● EXERCISE BRIEF: None of the images should appear in your copy. Transcribe the data in full.

● DATA SEGMENT:

===============

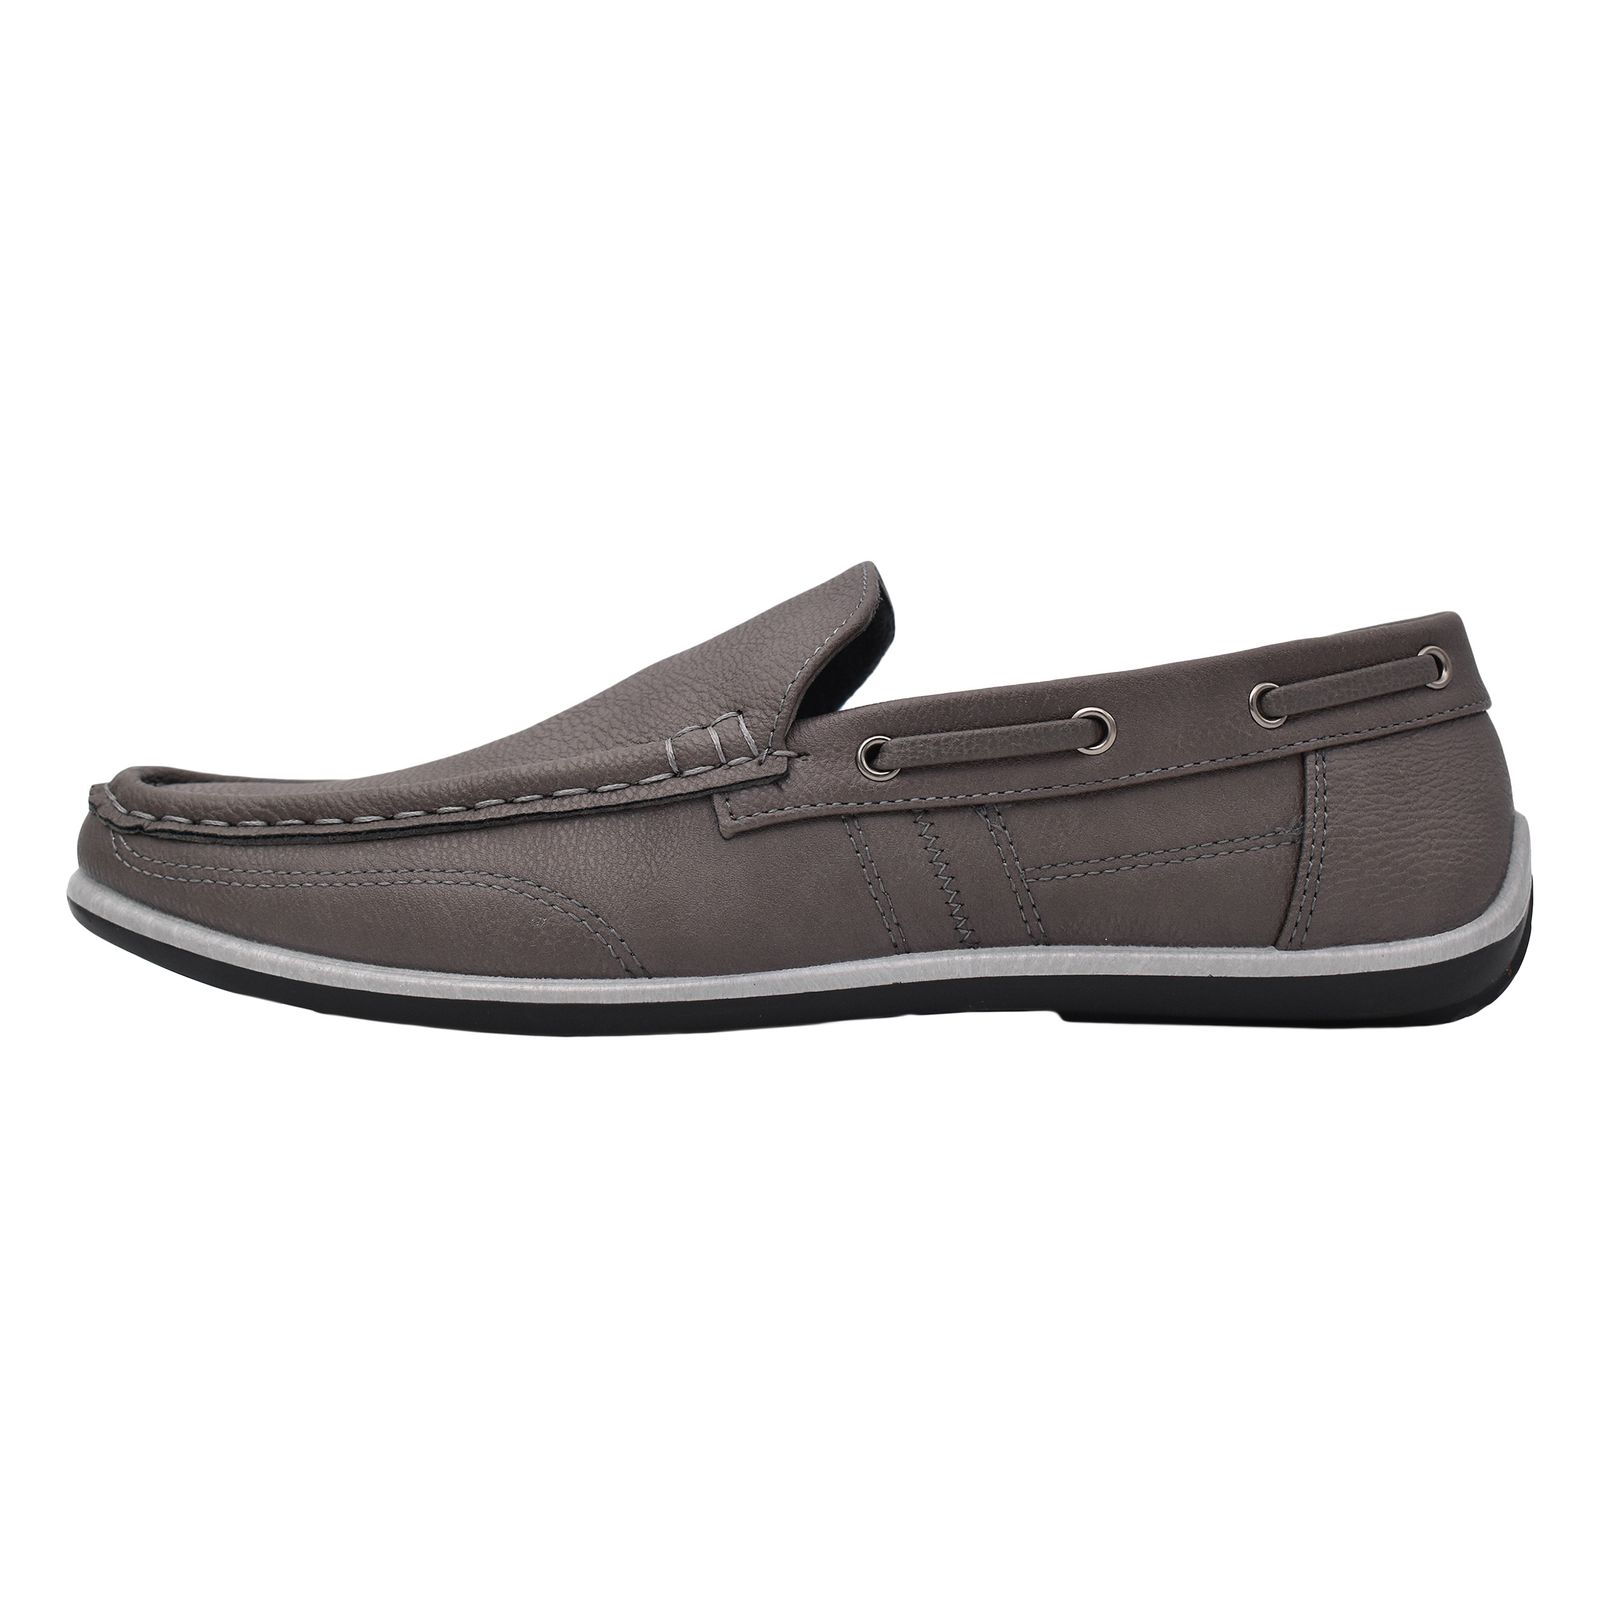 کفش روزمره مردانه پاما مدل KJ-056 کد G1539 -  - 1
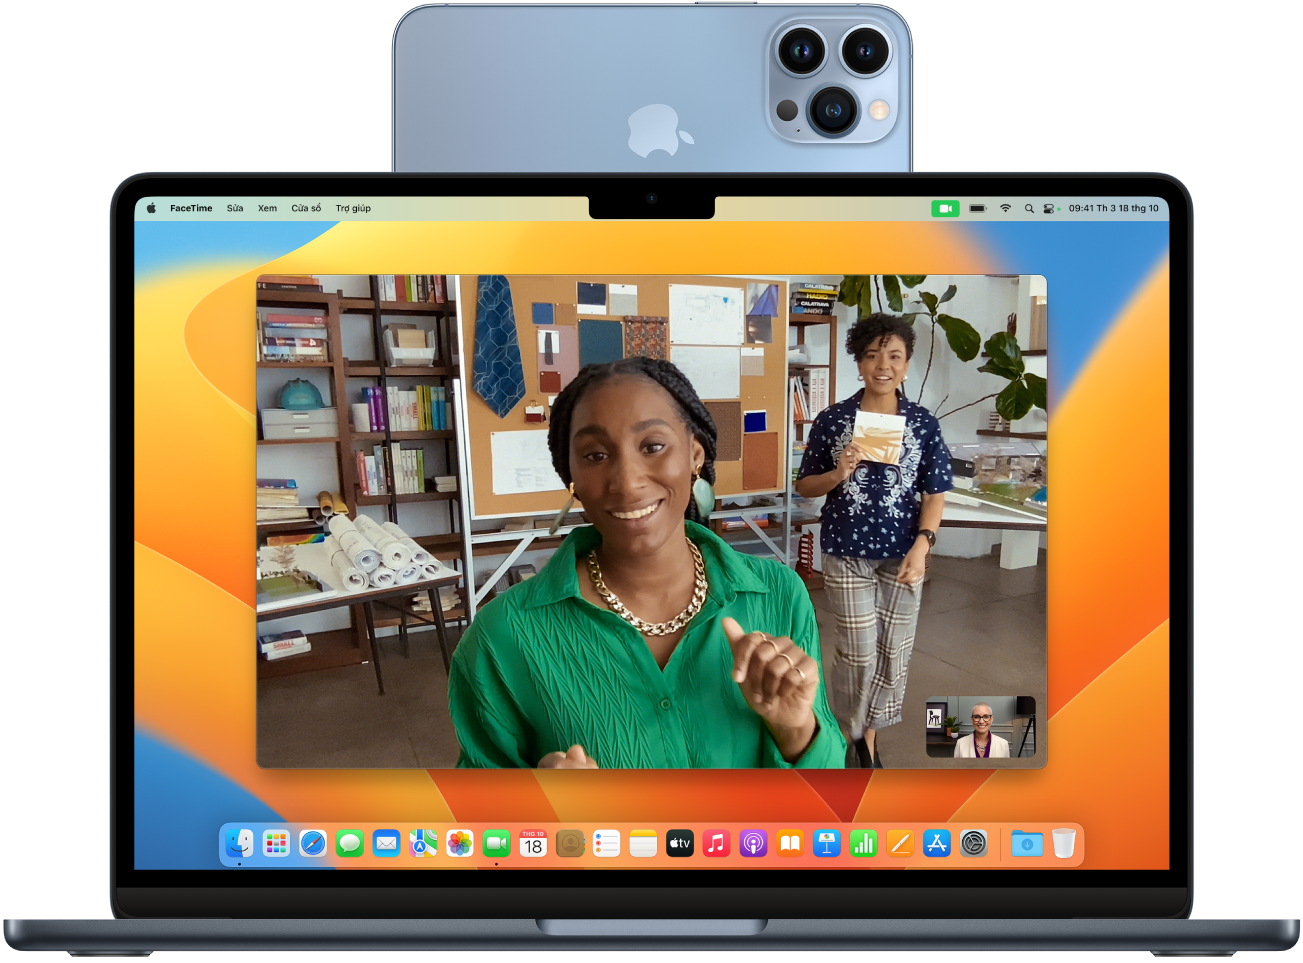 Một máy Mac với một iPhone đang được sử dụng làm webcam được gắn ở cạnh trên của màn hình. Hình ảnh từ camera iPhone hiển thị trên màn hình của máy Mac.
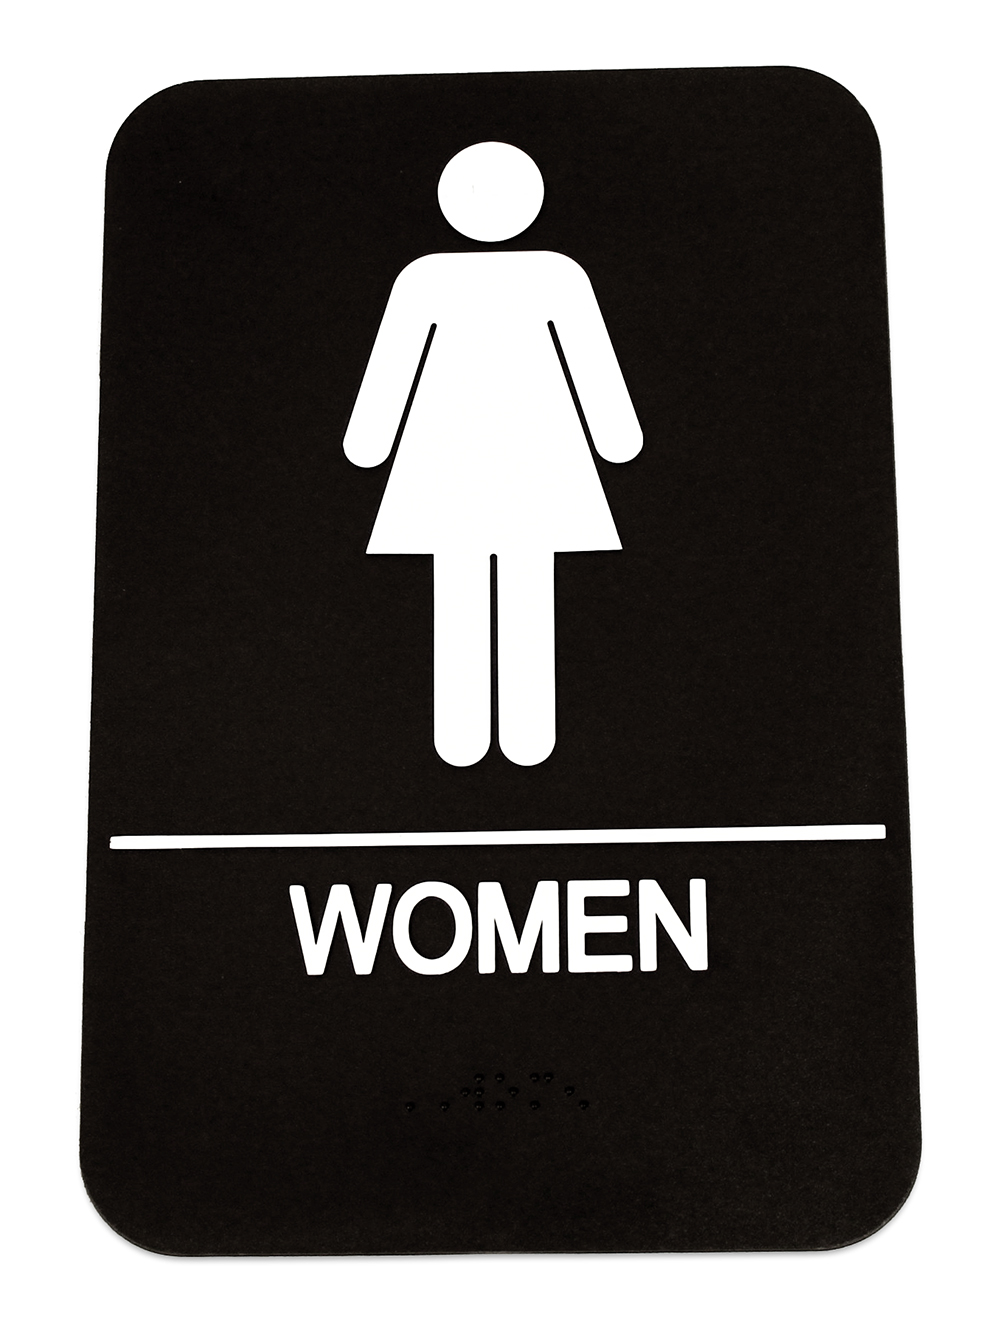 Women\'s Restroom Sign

===============

● SOLUTION FOR THIS EXERCISE:
 کفش روزمره مردانه پاما مدل KJ-056 کد G1539 -  - 1
 Một máy Mac với một iPhone đang được sử dụng làm webcam được gắn ở cạnh trên của màn hình. Hình ảnh từ camera iPhone hiển thị trên màn hình của máy Mac.
 Women\'s Restroom Sign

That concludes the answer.